I am Jizo. / 私は地蔵です。



This little guy lives just outside the front door in the garden. (He is as well photographed as Momo and Geiger and the indigo vat.) We actually didn't see much of him most of the year as fallen indigo seeds took and he was hidden until harvest and the cold winter winds found him shivering. Ogata san noticed he was looking tad shabby. (and not that chic.) She appeared a few days before New Years and stripped him of his 2014 clothes. He was left shivering for a week or so while she made him some new garments. 

 Knit hats are 2014. He has a stitched hat this year. Thank you Ogata san.


not my script...I cut and pasted.... 


O-Jizo-Sama as he is often respectfully called, is one of the most 
venerated Bosatsu in all of Japan. He is usually depicted as a monk,
wearing robes with a shaven head. He often holds a staff called a
shakujo. This is used to both scare away living creatures so he doesn’t
hurt them accidentally, and to awaken us from our dream-like world of
illusion. On many images and statues, he holds a wish-granting jewel
that he shares with Kanzeon Bosatsu and Vishnu in the Hindu tradition.
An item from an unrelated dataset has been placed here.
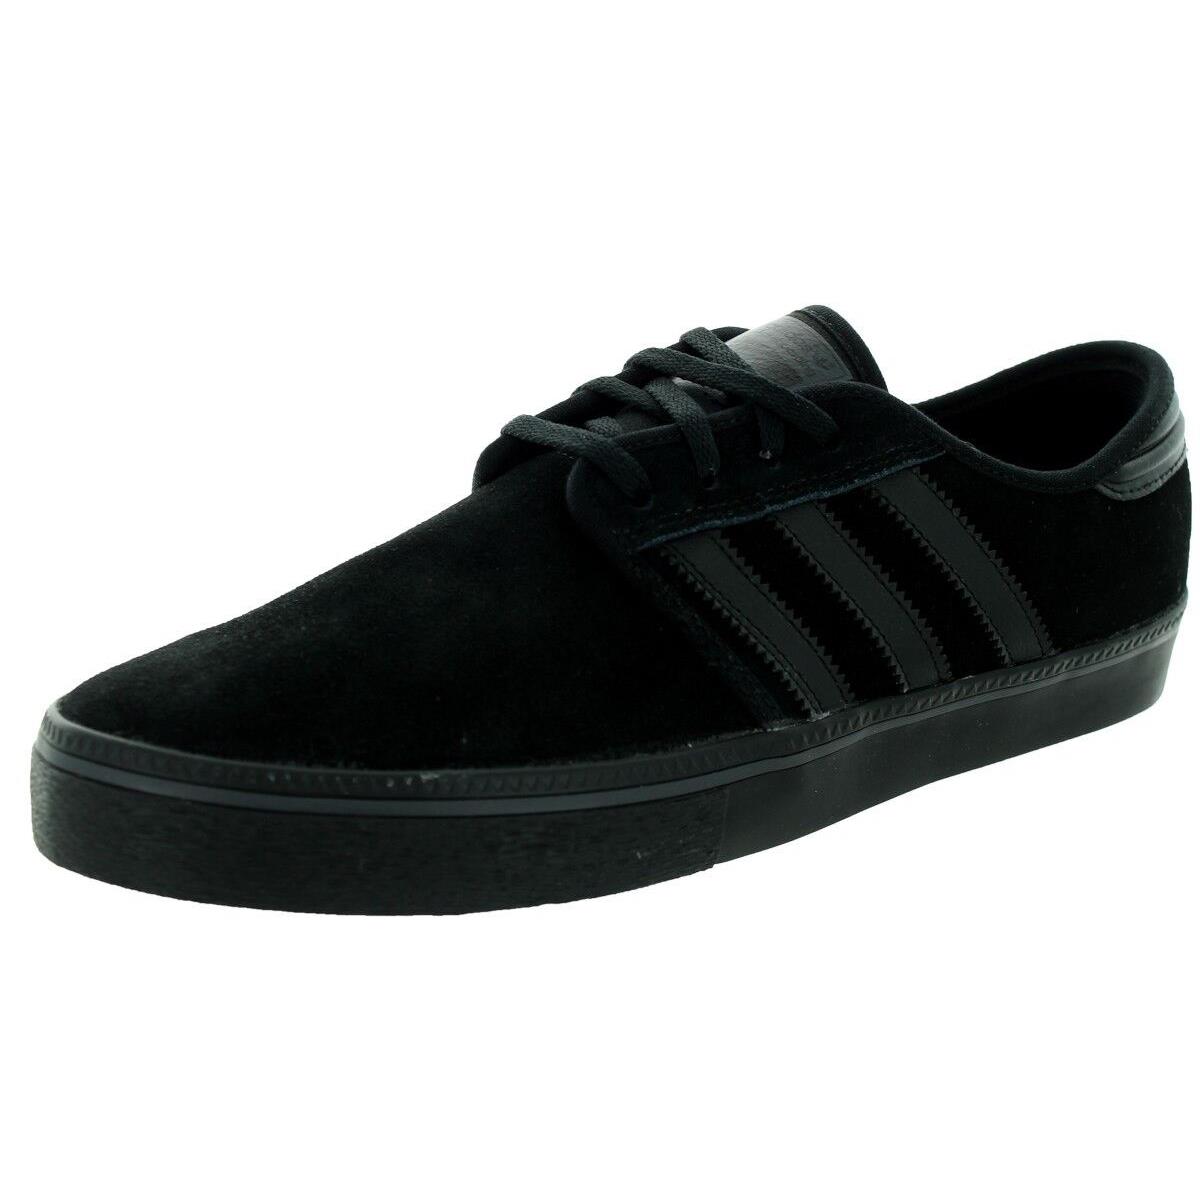 Adidas Seeley Adv Black Black Skateboarding Sneaker C76906 317 Men`s Shoes - Black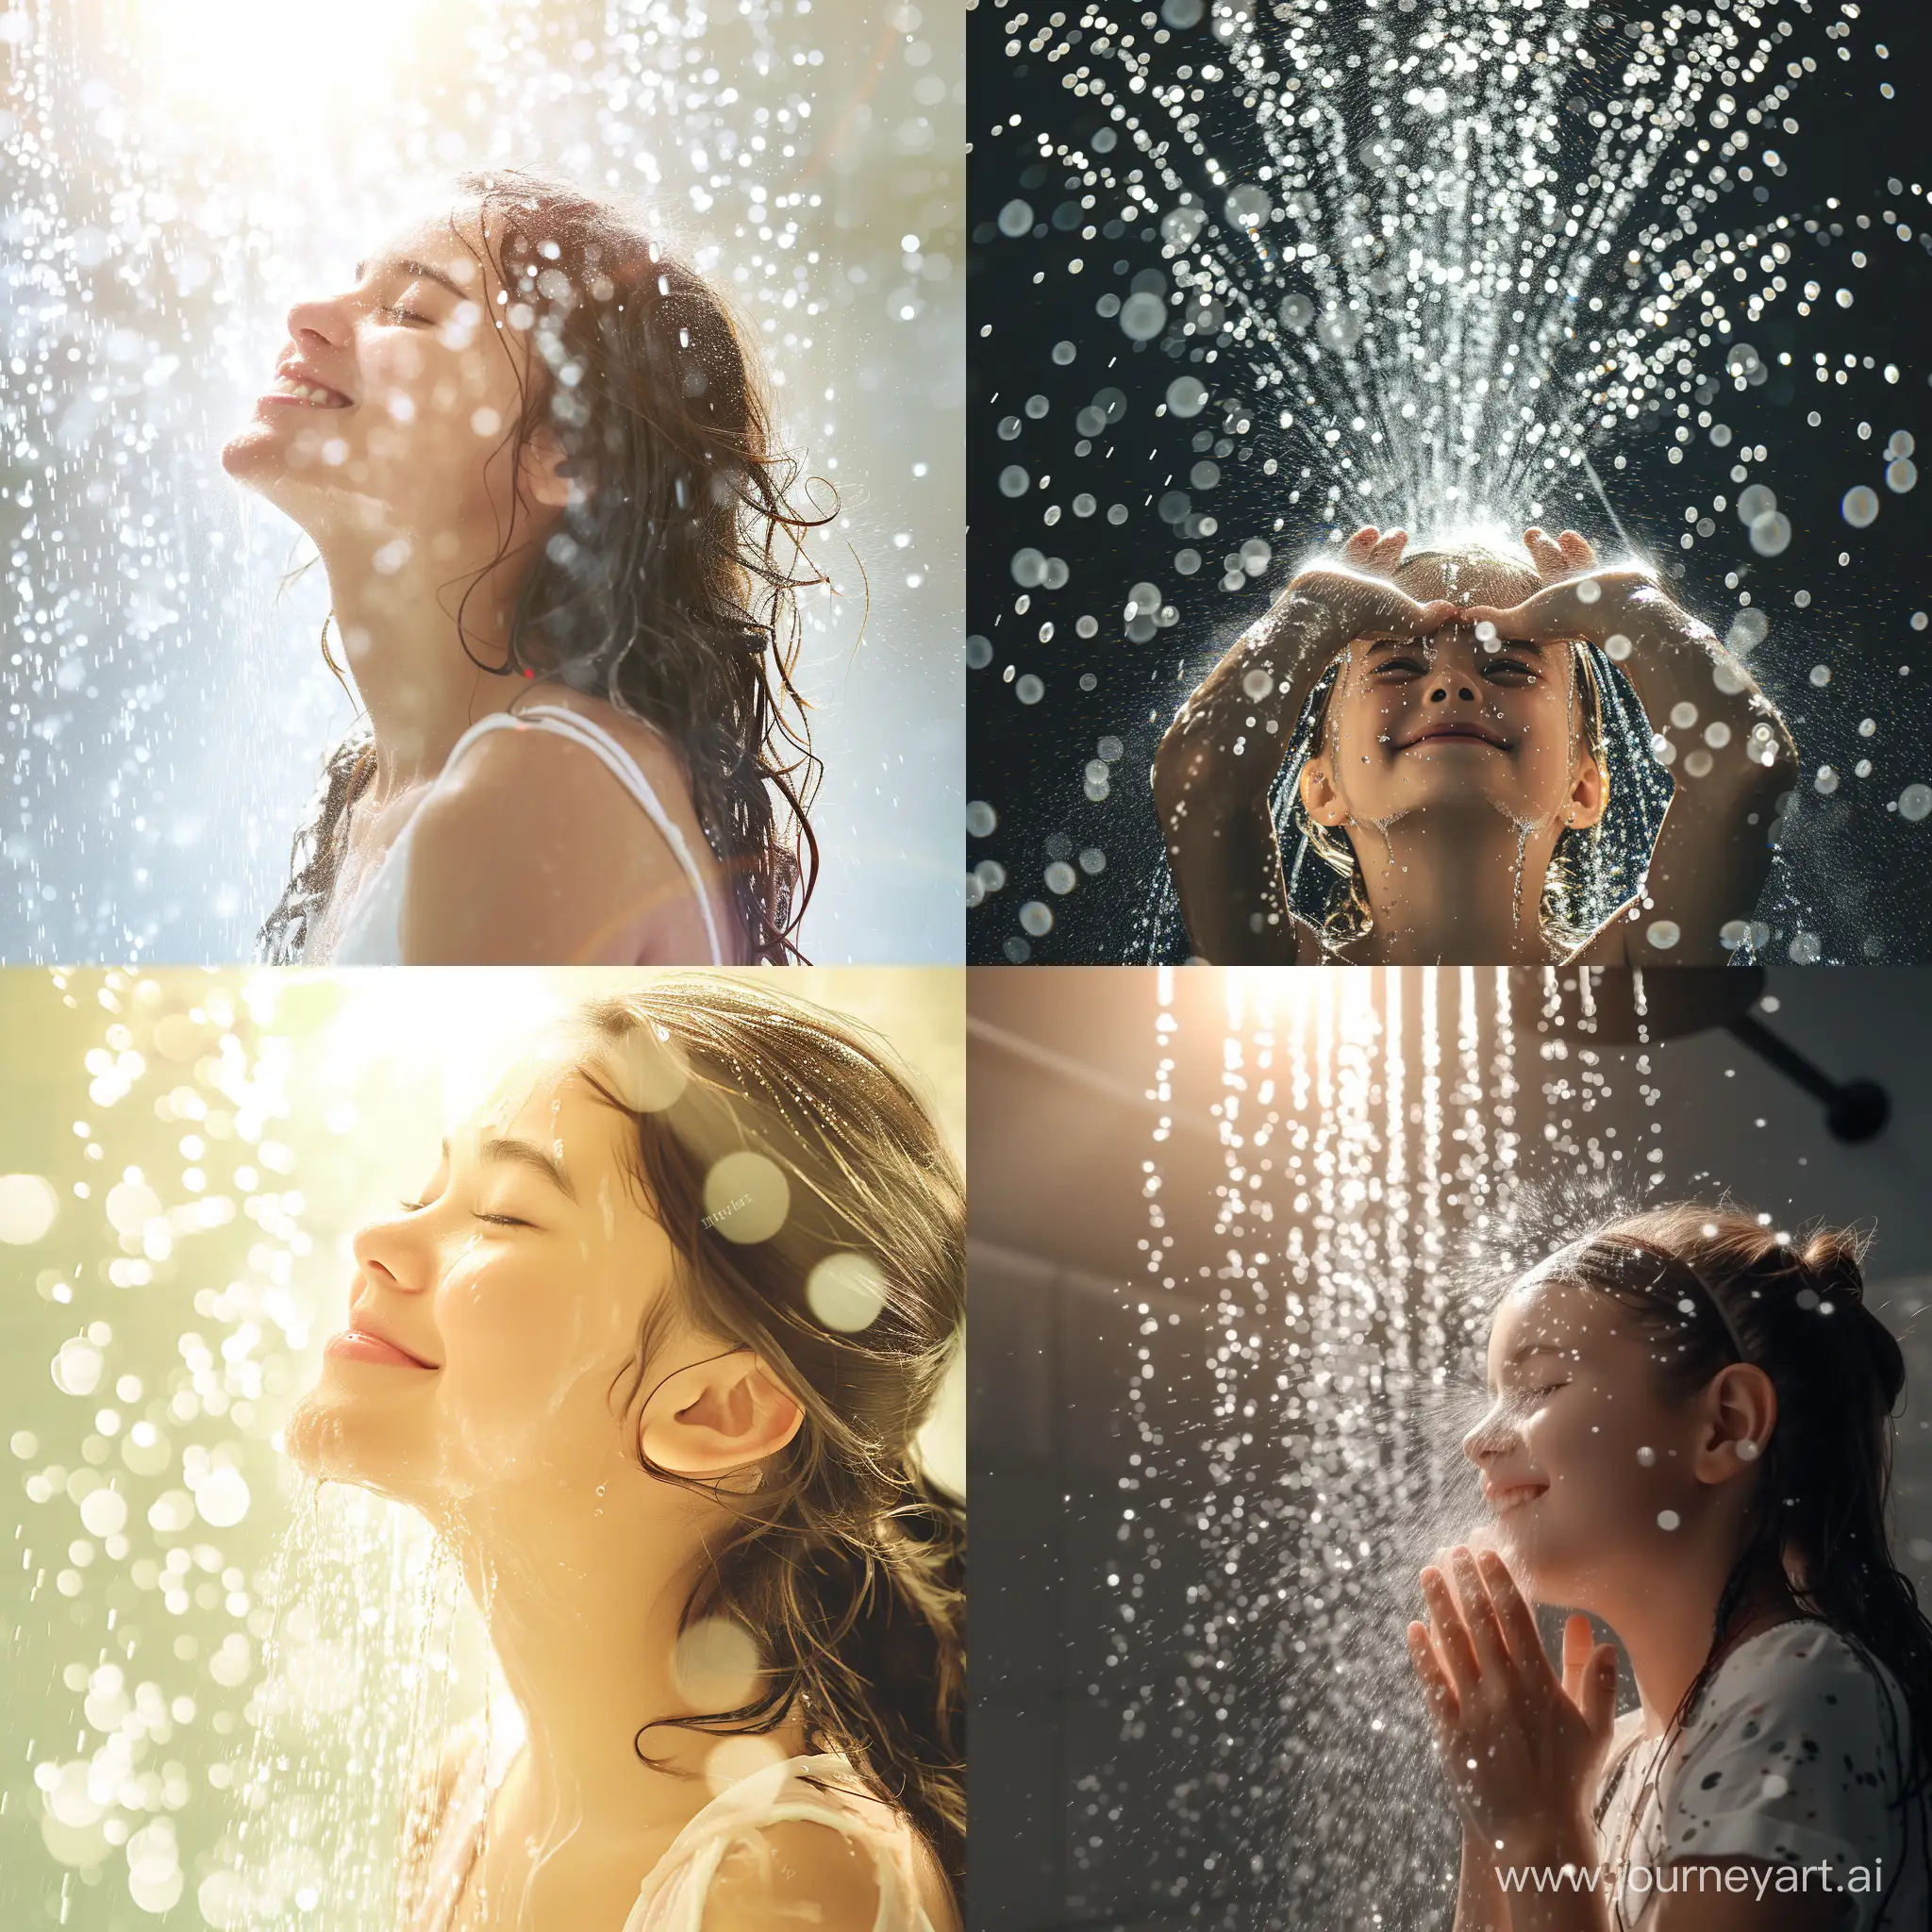 Joyful-Shower-Bliss-Hyperrealistic-Bathing-Delight-in-High-Resolution

You can find O-Jizo-san in cemeteries,
gardens, on road-sides and of course temples all over Japan. He is the
protector of travelers, children and all beings trapped in hell.

The story goes, that the souls of children who die before their
parents, are not capable of crossing the fabled Sanzu River (similar to
the Styx river in Greek mythology) in the afterlife. This is because
they have not had the time to accumulate enough good deeds (karma) and
they have made their parents suffer. It is believed that Jizo saves
these souls from the punishment of having to pile stones eternally on
the bank of the river. O-Jizo-sama, is thus widely recognize as the
saint patron of dead children, especially still-born and aborted
children.


You often encounter Ojizo-sama in graveyards and it is not unusual
to see the idol adorned with a red bib and a red baby hat. The reason
for this, is parents put it there to either thank him for saving a
child from illness or to ask him to protect a child in the after-life.
Thus each time you see a Jizo statue, adorned with these clothes, you
witness the pain of a parent. Sometimes, you’ll see small piles of
stones next to the statues and those are connected to building stupas
for the granting of merit. Doing so, the parents hope to earn enough
merit for their child so that it can cross the river as fast as
possible and thus, end suffering.

The hikers walking up the village often leave cans and bottles of sake or tea and the occasional soft drink for the White Horse Kannon Bosatsu at the bottom of  the driveway. The Buddha also has a healthy sense of humour. (You can almost hear the timeless giggles when there is can of Coke sitting in front of him.)




6 comments:

  1. geeezzz i have to go back again. how could i miss them?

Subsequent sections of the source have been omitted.